ENTRIES SUPPLIED -
============================================================
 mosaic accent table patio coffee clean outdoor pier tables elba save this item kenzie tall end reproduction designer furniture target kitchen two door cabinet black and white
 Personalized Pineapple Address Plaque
============================================================
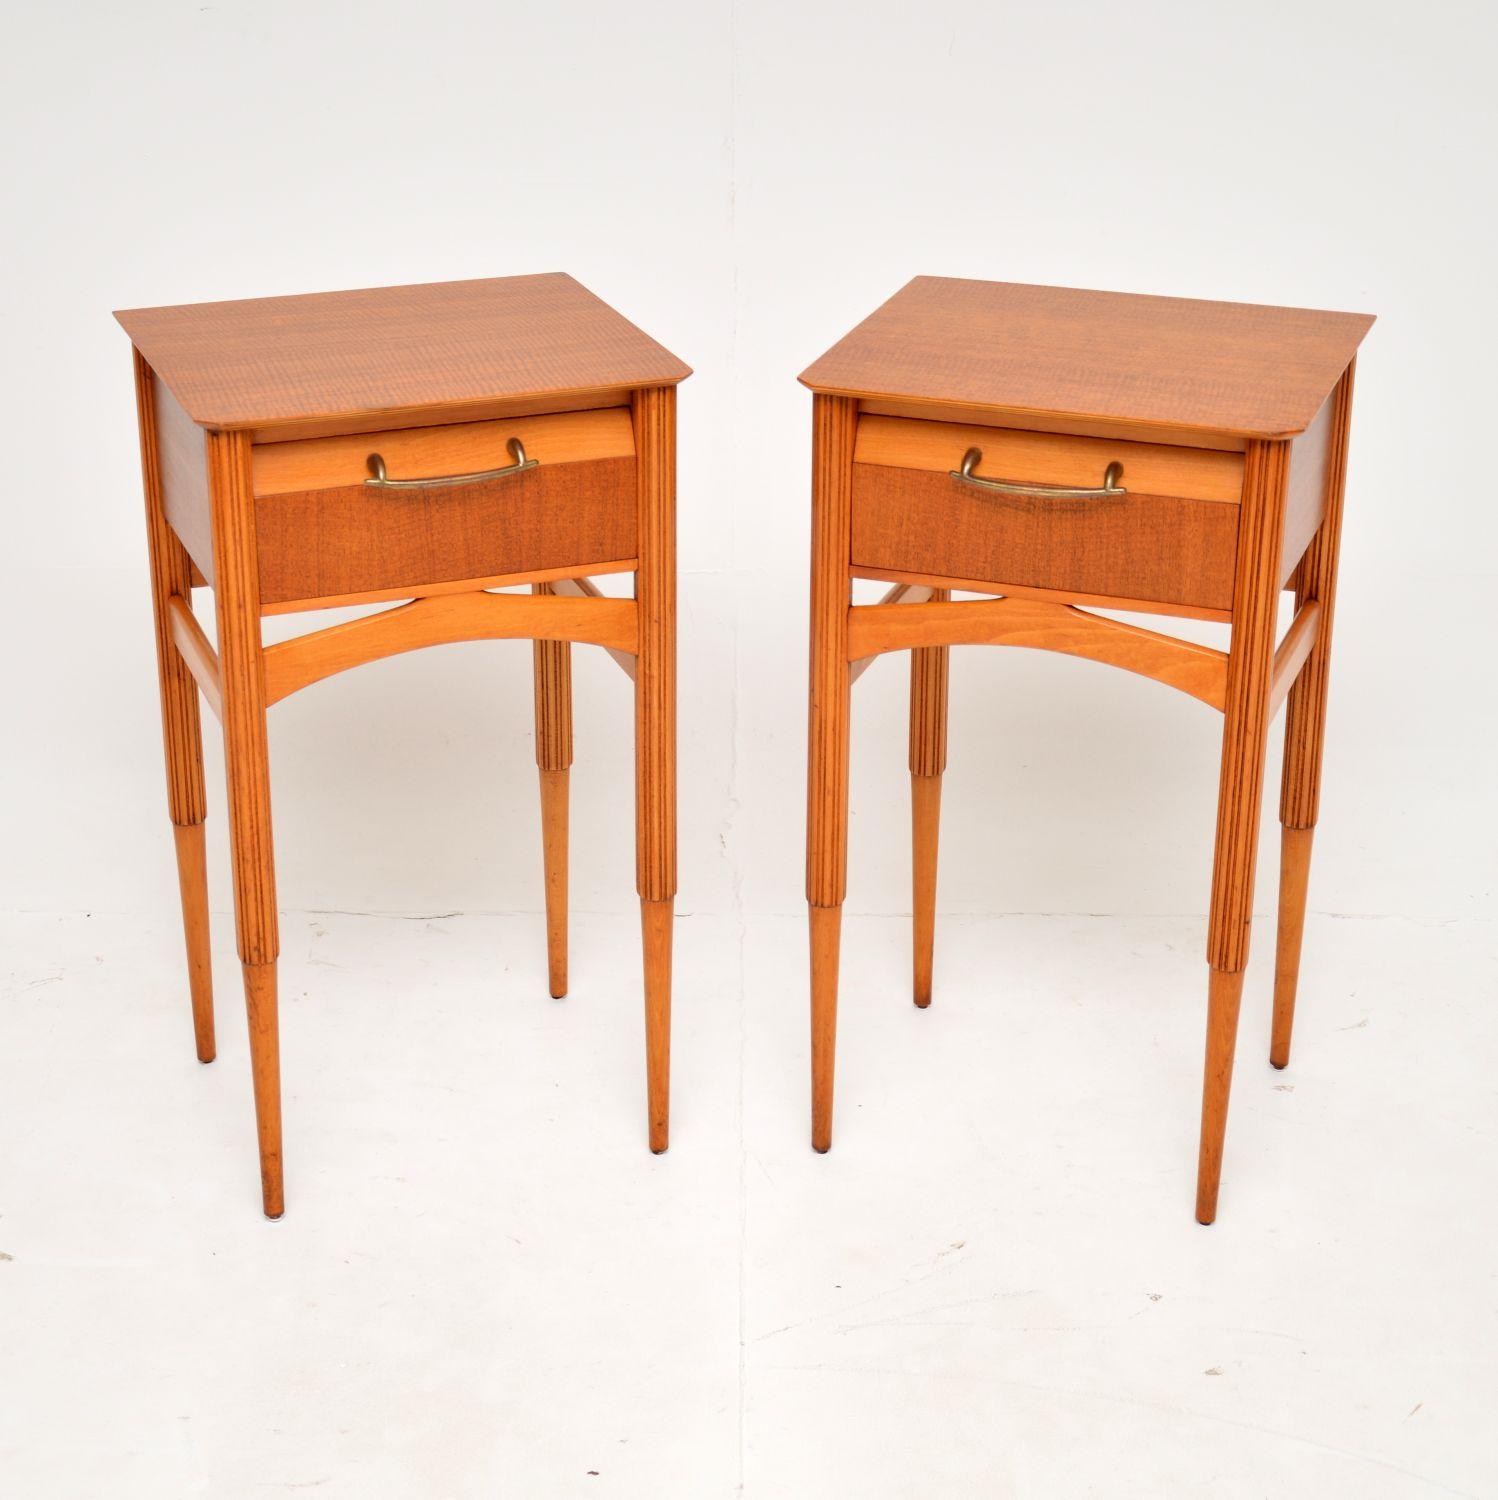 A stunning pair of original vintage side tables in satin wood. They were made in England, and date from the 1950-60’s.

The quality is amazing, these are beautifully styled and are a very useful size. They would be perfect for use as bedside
============================================================
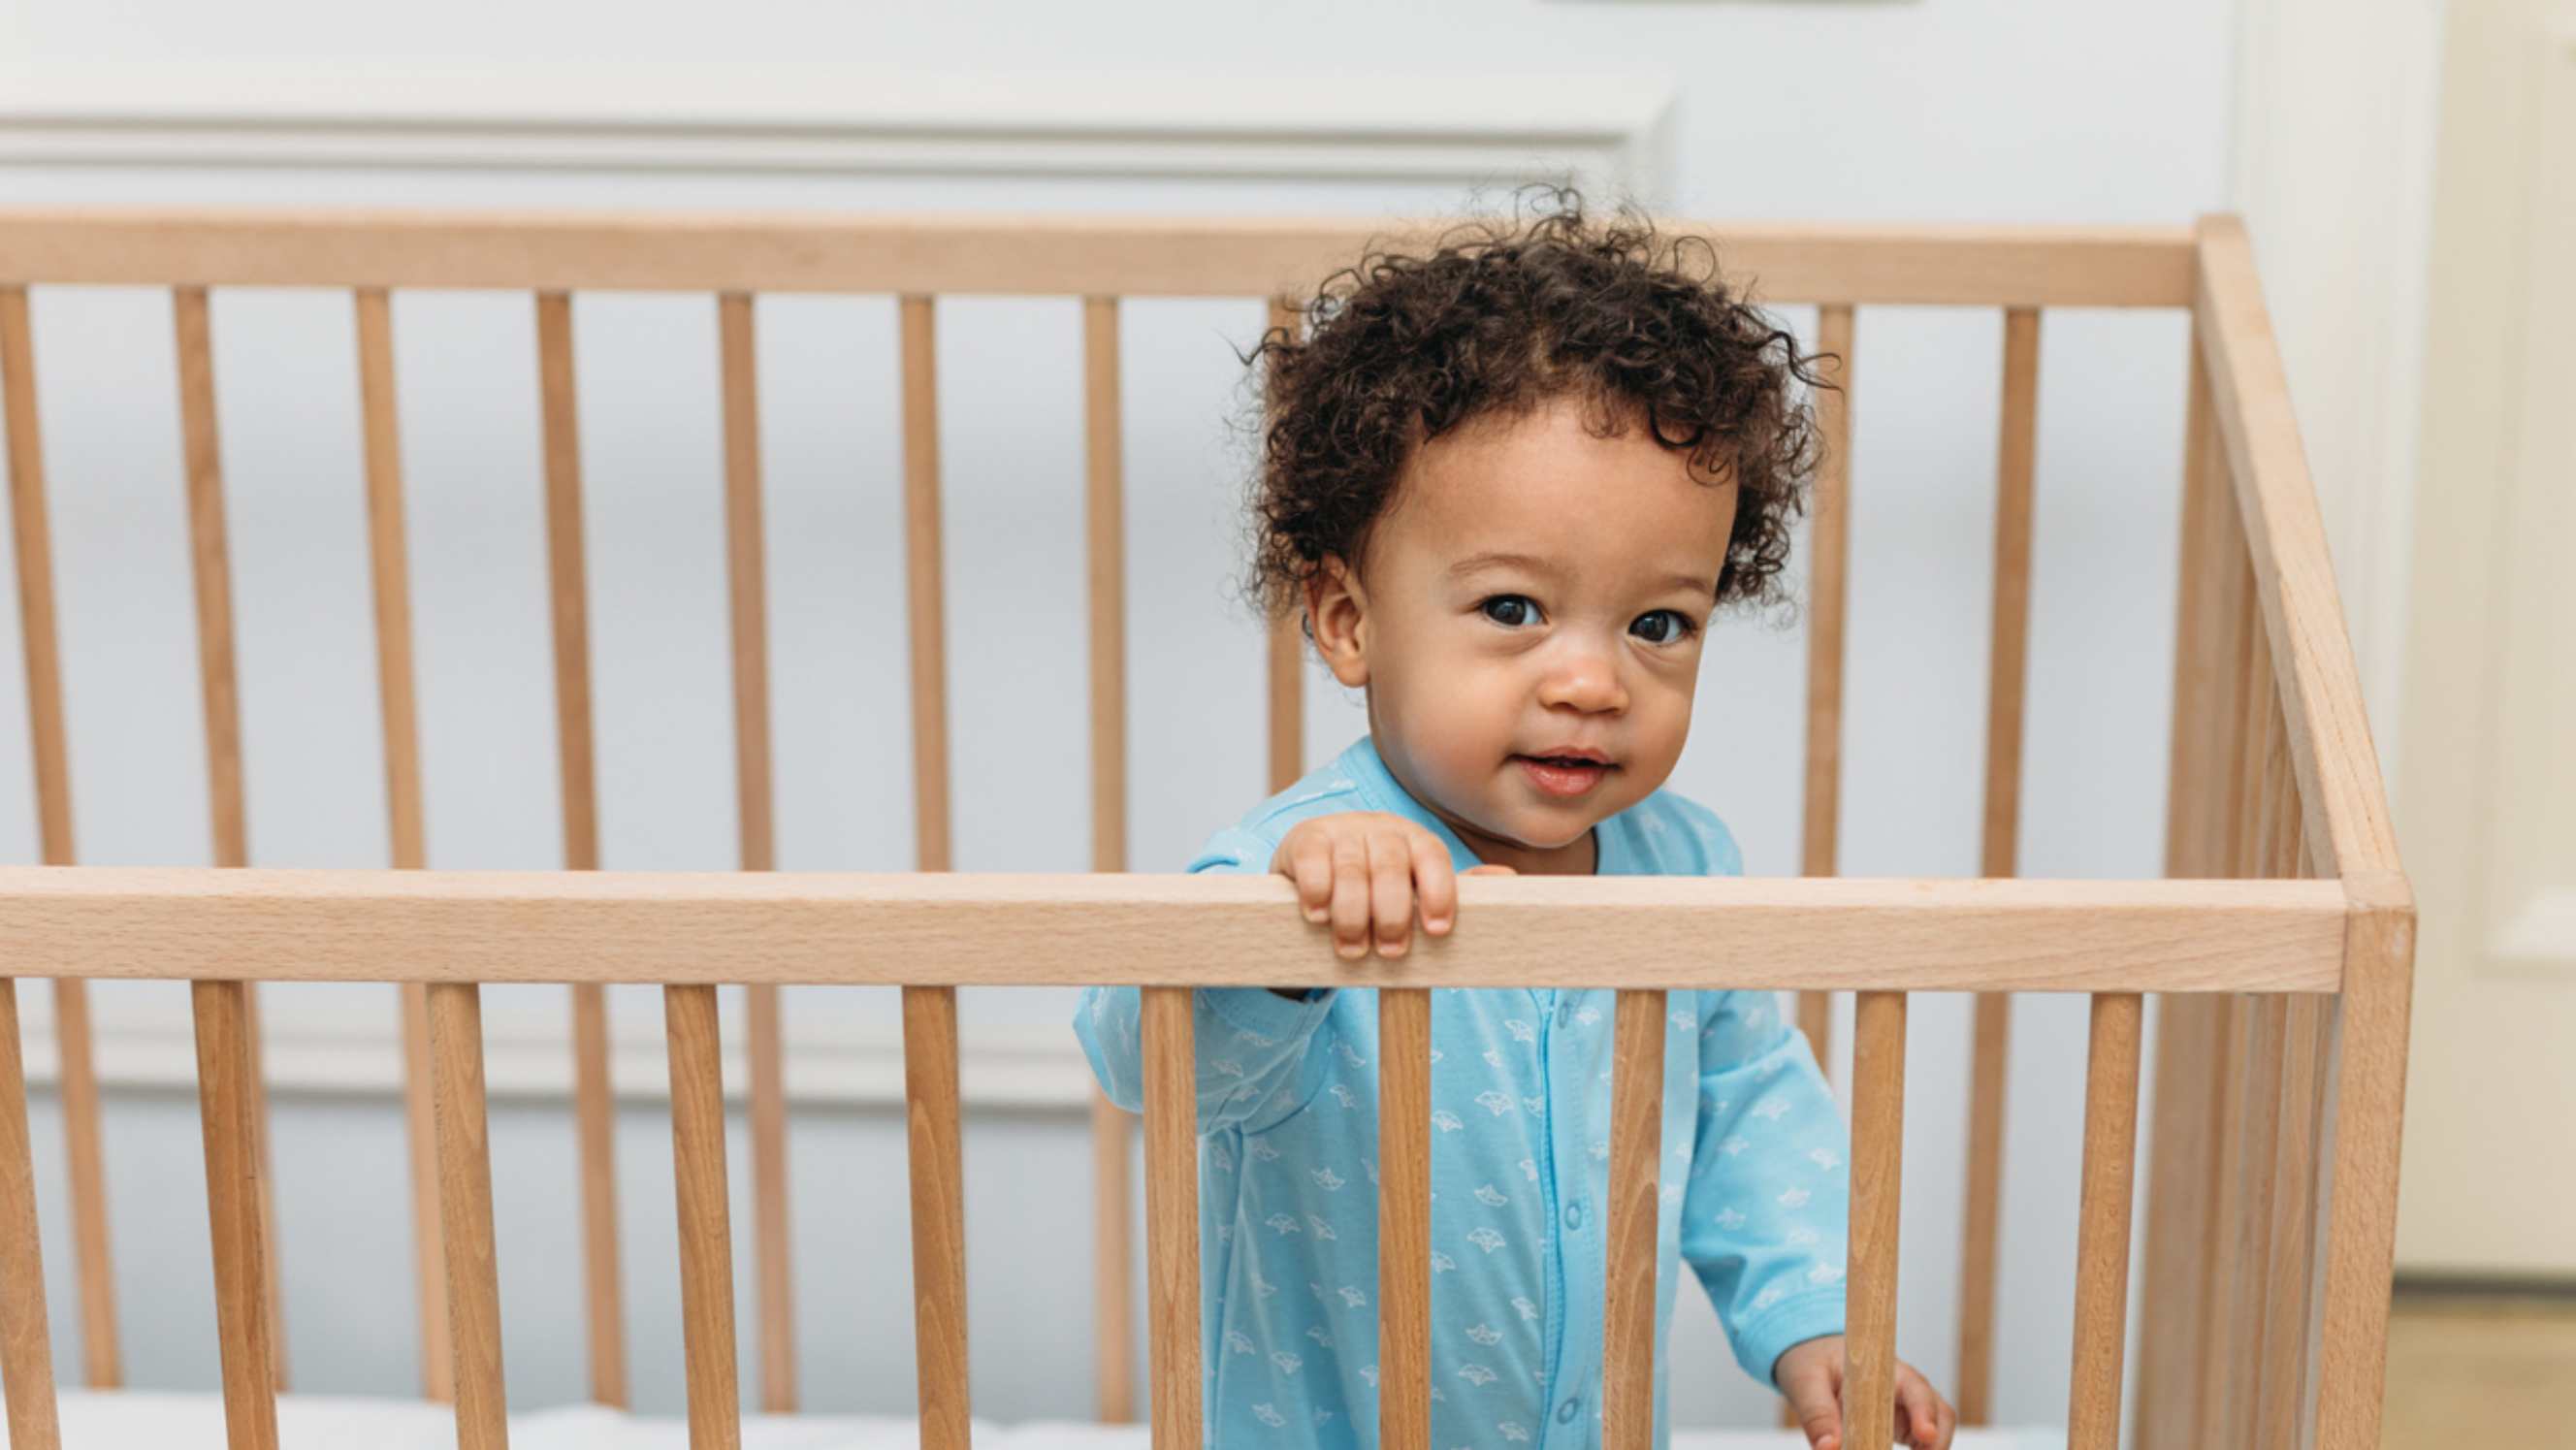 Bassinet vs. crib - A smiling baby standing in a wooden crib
============================================================
WORK ORDER -
From the material above, give again exactly the lines from the one that contains "A stunning pair" through the one that contains "The quality is", and leave out the pictures.

ANSWER -
 A stunning pair of original vintage side tables in satin wood. They were made in England, and date from the 1950-60’s.

The quality is amazing, these are beautifully styled and are a very useful size. They would be perfect for use as bedside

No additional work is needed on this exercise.